Full camouflage with his face painted. That puzzled Daisy. It didn’t sound like big-city folks.
“Was he armed?” Ethan asked. “Did he fire back at you?”
“He didn’t aim. He didn’t even raise it,” Aunt Emily said. “But if I’m not mistaken, he had a rifle with him. I only caught a glimpse as he was running. It was camouflage too.”

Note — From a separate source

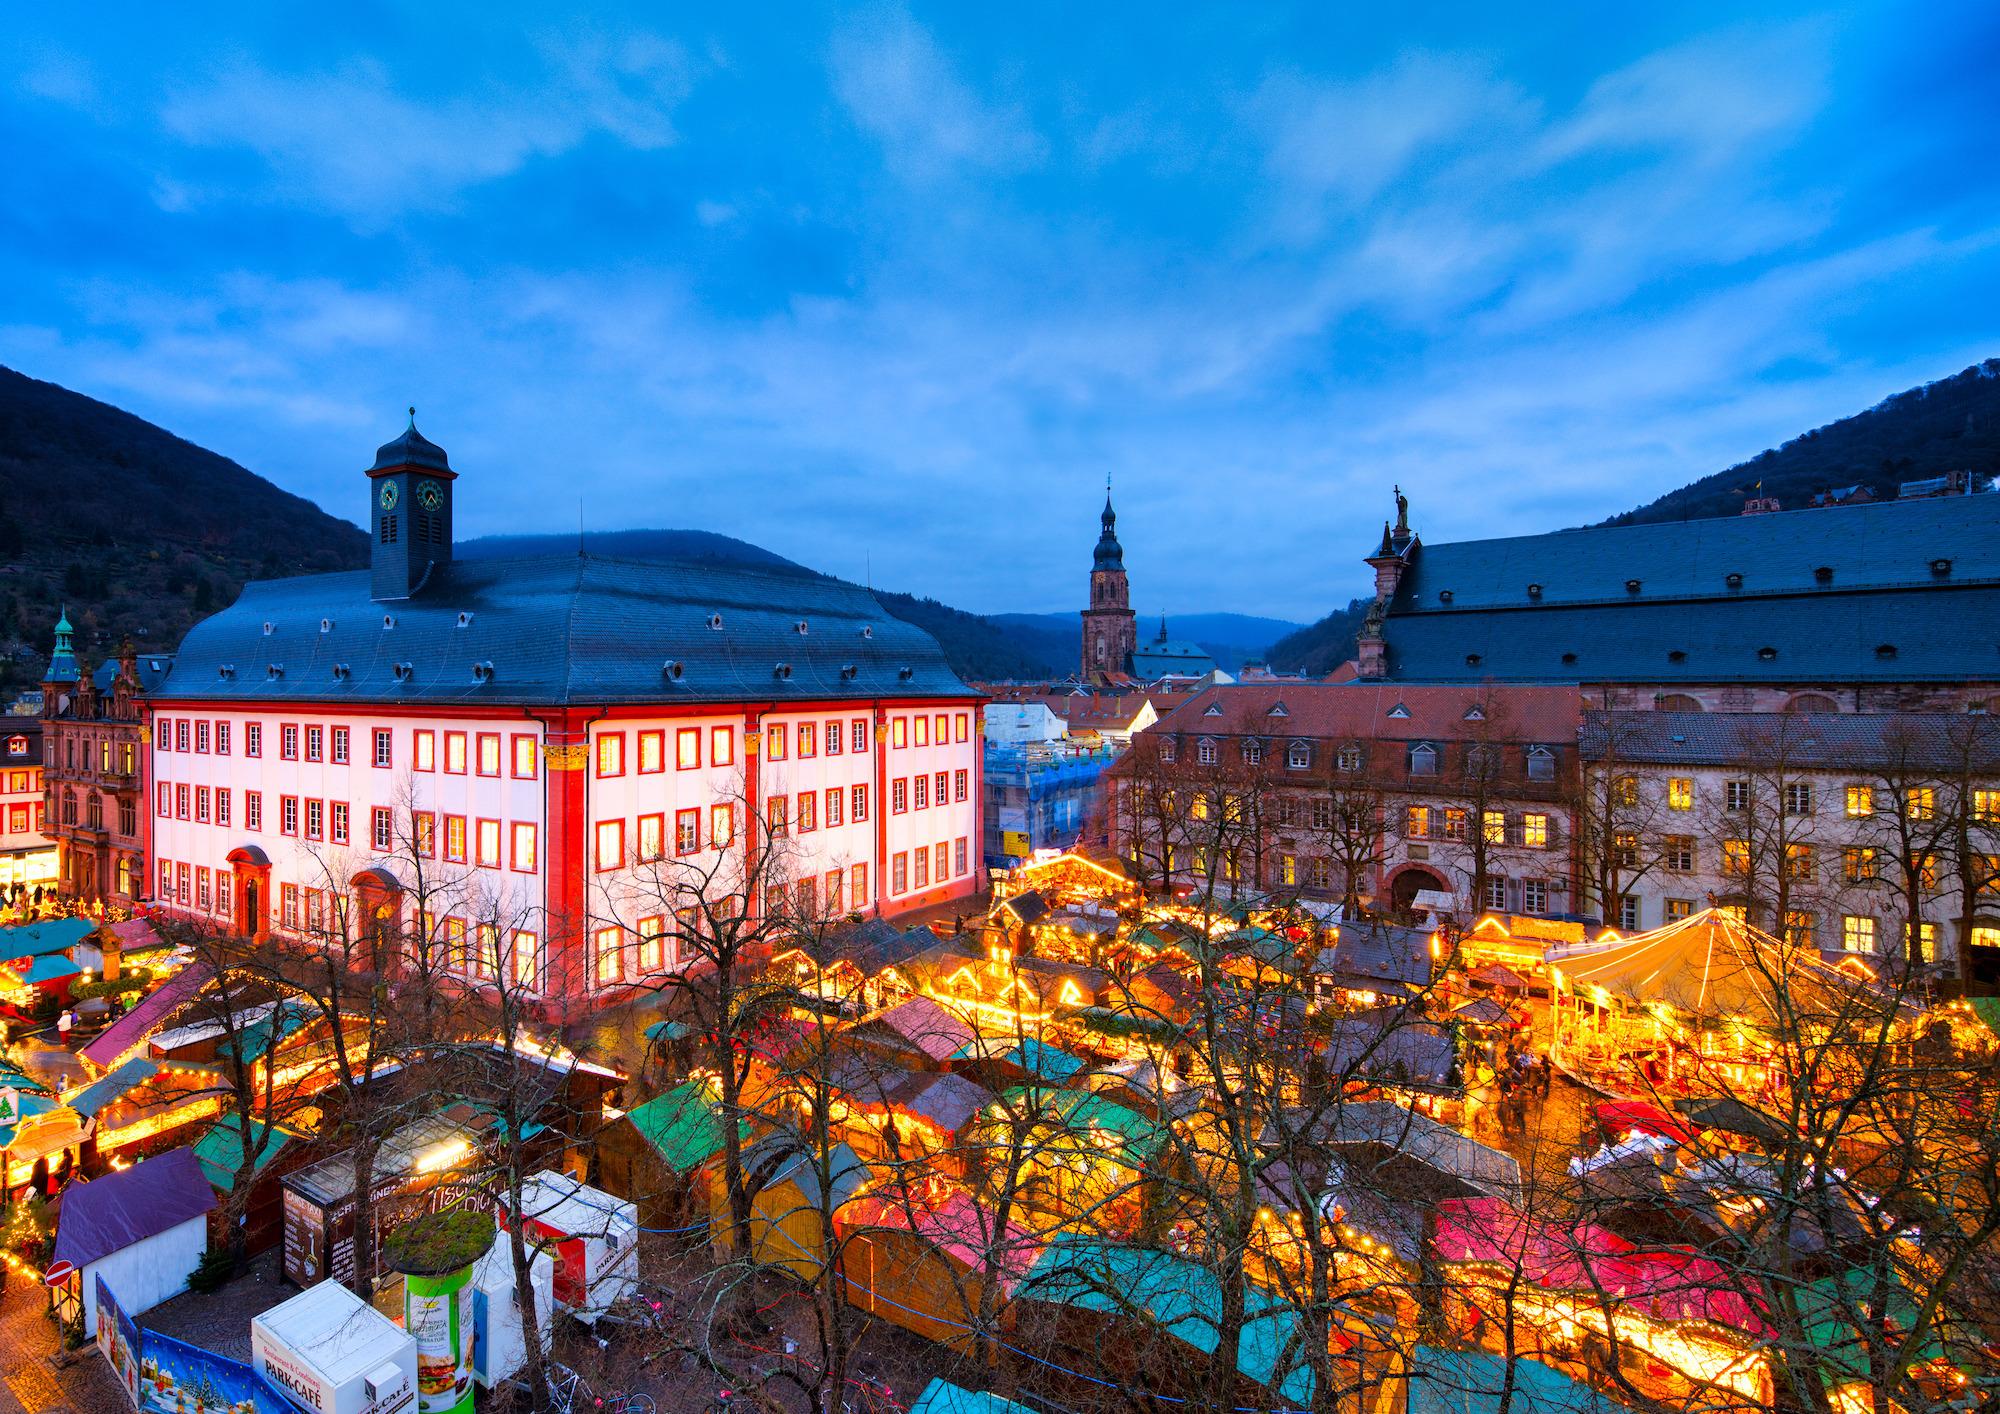 öffnungszeiten Weihnachtsmarkt Heidelberg.Weihnachten In Heidelberg Heidelberger Weihnachtsmarkt Eröffnet Am

Daisy’s jaw stiffened and her eyes narrowed as an icy, bitter realization crept along her spine. Not many big-city folks used rifles with camouflage. Especially not out of season. But she knew someone who did. In fact, the last time she had seen him, he had been wearing camouflage and carrying camouflage.
“Bobby,” she hissed.
Suddenly Lucy’s shoulders twitched, and she gave a small cough. Daisy looked down at her.
“Momma, was it Bobby? Bobby Balsam. Rick’s brother. Was he the one who was here?”
“Bo … Bobby,” she mumbled.
It was enough of a confirmation for Daisy. The icy bitterness spread through every vein in her body, and she instantly made up her mind what to do next. But before she could act, Beulah and her flapping robe reappeared in the doorway next to Aunt Emily.
“I spoke to Sue,” she reported breathlessly. “She’s in the ambulance, and she’s coming right away. But it’ll take her awhile to get here. They had an early call over in Gretna. She says not to move your momma in case she’s hurt her back.”
“Thanks, Beulah.” Daisy nodded gratefully. “Now if I could ask you for one more favor?”
“Of course. Anything.”
“Will you stay with my momma until Sue gets here? I don’t want her to be left alone.”